Le bel Armand a eu tôt fait de se servir de moi. Bateleur de son état, j’ai, en le suivant, tout vu, tout vécu, tout appris. .Ma naïveté, mon inconscience, je les ai payées très cher ! J’ai vécu quatorze années à sillonner les routes, à vivre d’expédients, à connaître les hommes, leurs vertus et leurs défauts…et un jour les sapins m’ont manqué. Et puis j’avais négligé ma santé. Jai pensé que le seul lieu où je pourrais me ressourcer, c’ était Murbach ! Je n’ avais aucune nouvelle de mes parents. Le hasard fît qu’ils sfussent encore là tous les deux et qu’ils puissent m’ accueillir comme on reçoit un enfant, perdu un temps, mais qui enfin rentrait au bercail.

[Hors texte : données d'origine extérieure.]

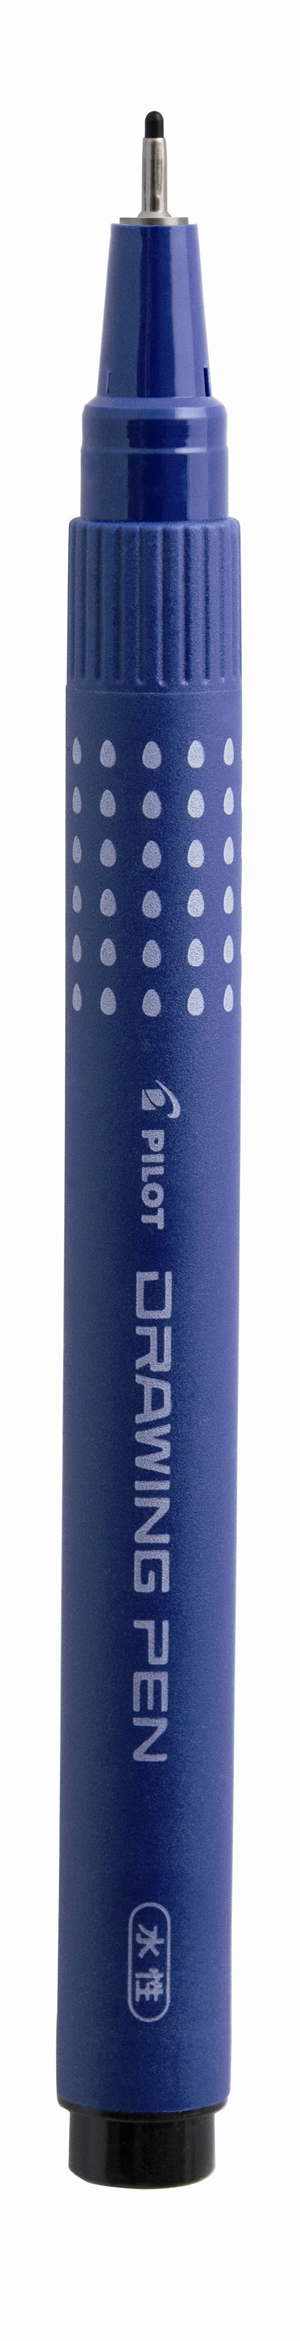 Pilot Filtpen m/hætte Drawing Pen 0,8mm sort

Grâce à leur amour j’ ai repris des forces, je m’ apaisai de tous mes tourments et au seuil de la trentaine, je découvris enfin les richesses de cette abbaye, de ce village que j’ avais voulu fuir. J’ai partagé la sérénité qui règne à l’ intérieur de ce « morceau d’ église »(il ne reste que le transept ) ; admiré les vitraux modernes diffusant une lumière changeante à chaque heure du jour ; remercié l’autel recevant mes prières, ,contemplé le tableau votif dont j’ admirais la finesse, découvert l’enfeu du comte Eberhart dont l’histoire est si intimement liée à mon village. Je me suis recueillie souvent au pied du cénotaphe des moines et j’ai gravi en silence les marches cirées de l’ambon…préfiguration de la montée au Paradis…
Et j’ ai aussi appris, moi la mécréante, qu’ici je trouvais le repos de l’âme et la paix laïque.

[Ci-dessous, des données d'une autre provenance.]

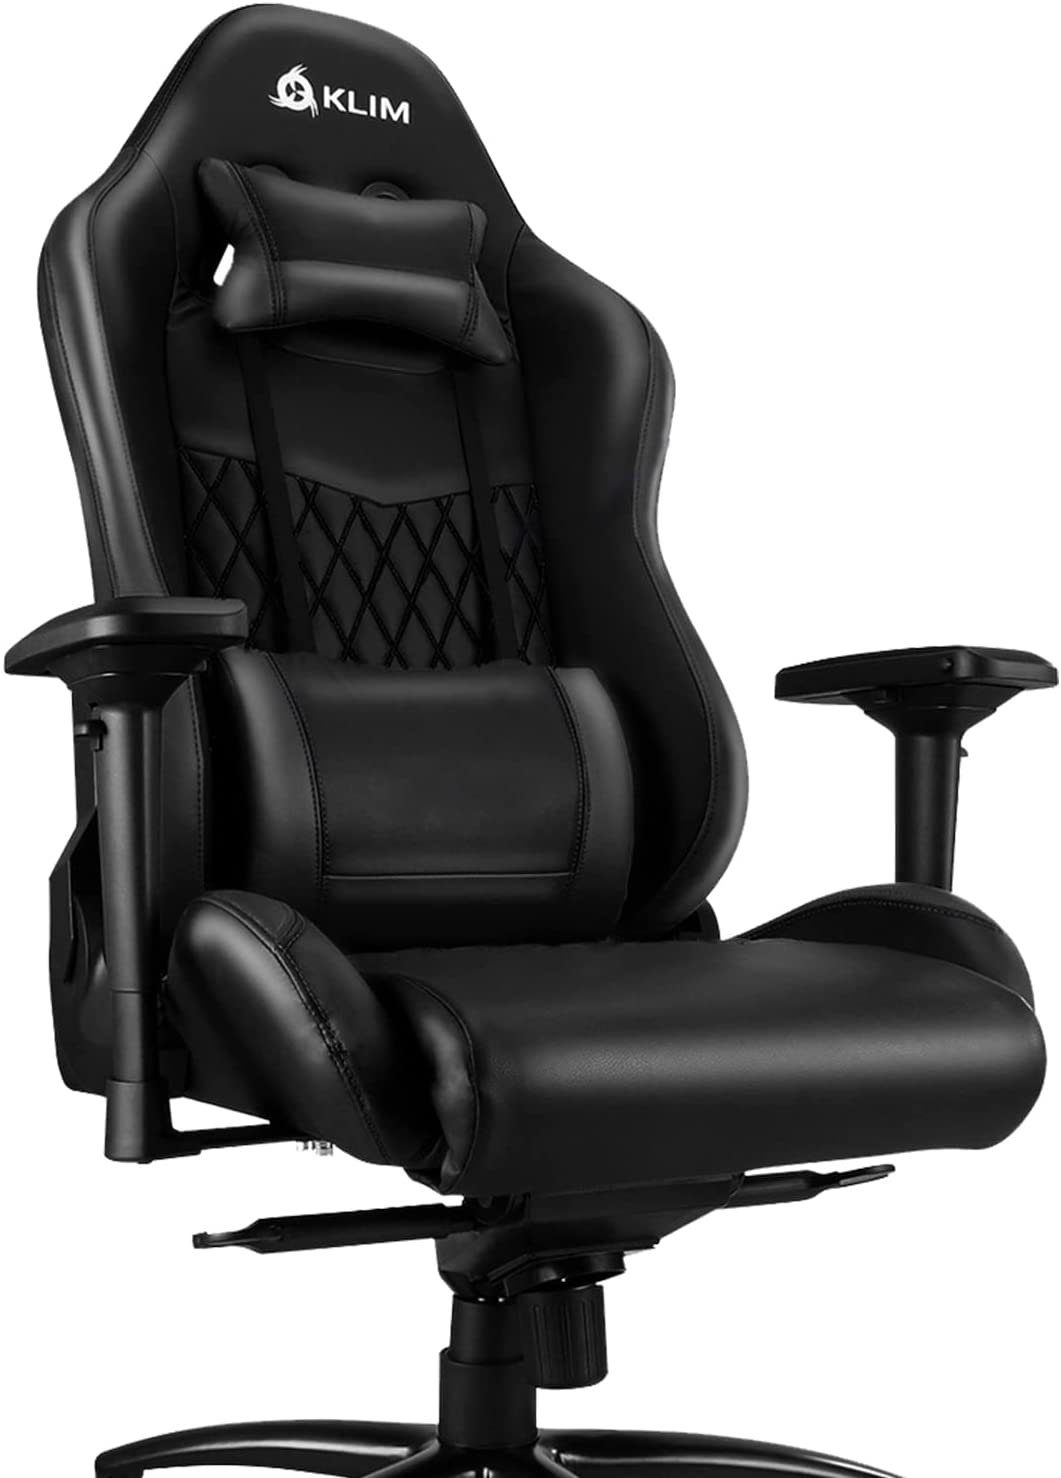 Schwarz fürs Gaming  Ergonomischer Arbeitszimmer Stuhl, Qualität, Stuhl, Gaming Chair Stuhl KLIM Hochwertige Stylischer Esports

Un plus aussi, le maire du village me confia la responsabilité de créer ici, un jardin, celui-là même où nous sommes. C’était il y a cinquante ans ! voyez comme j’ ai obéï. J’ai tout aménagé, créé de mes mains .Il est ma vie ce jardin !
Mes parents m’ont quittée à deux ans d’intervalle. Ils l’ont vu en friche ce morceau de terre, puis peu à peu ils ont compris que ma rédemption était là.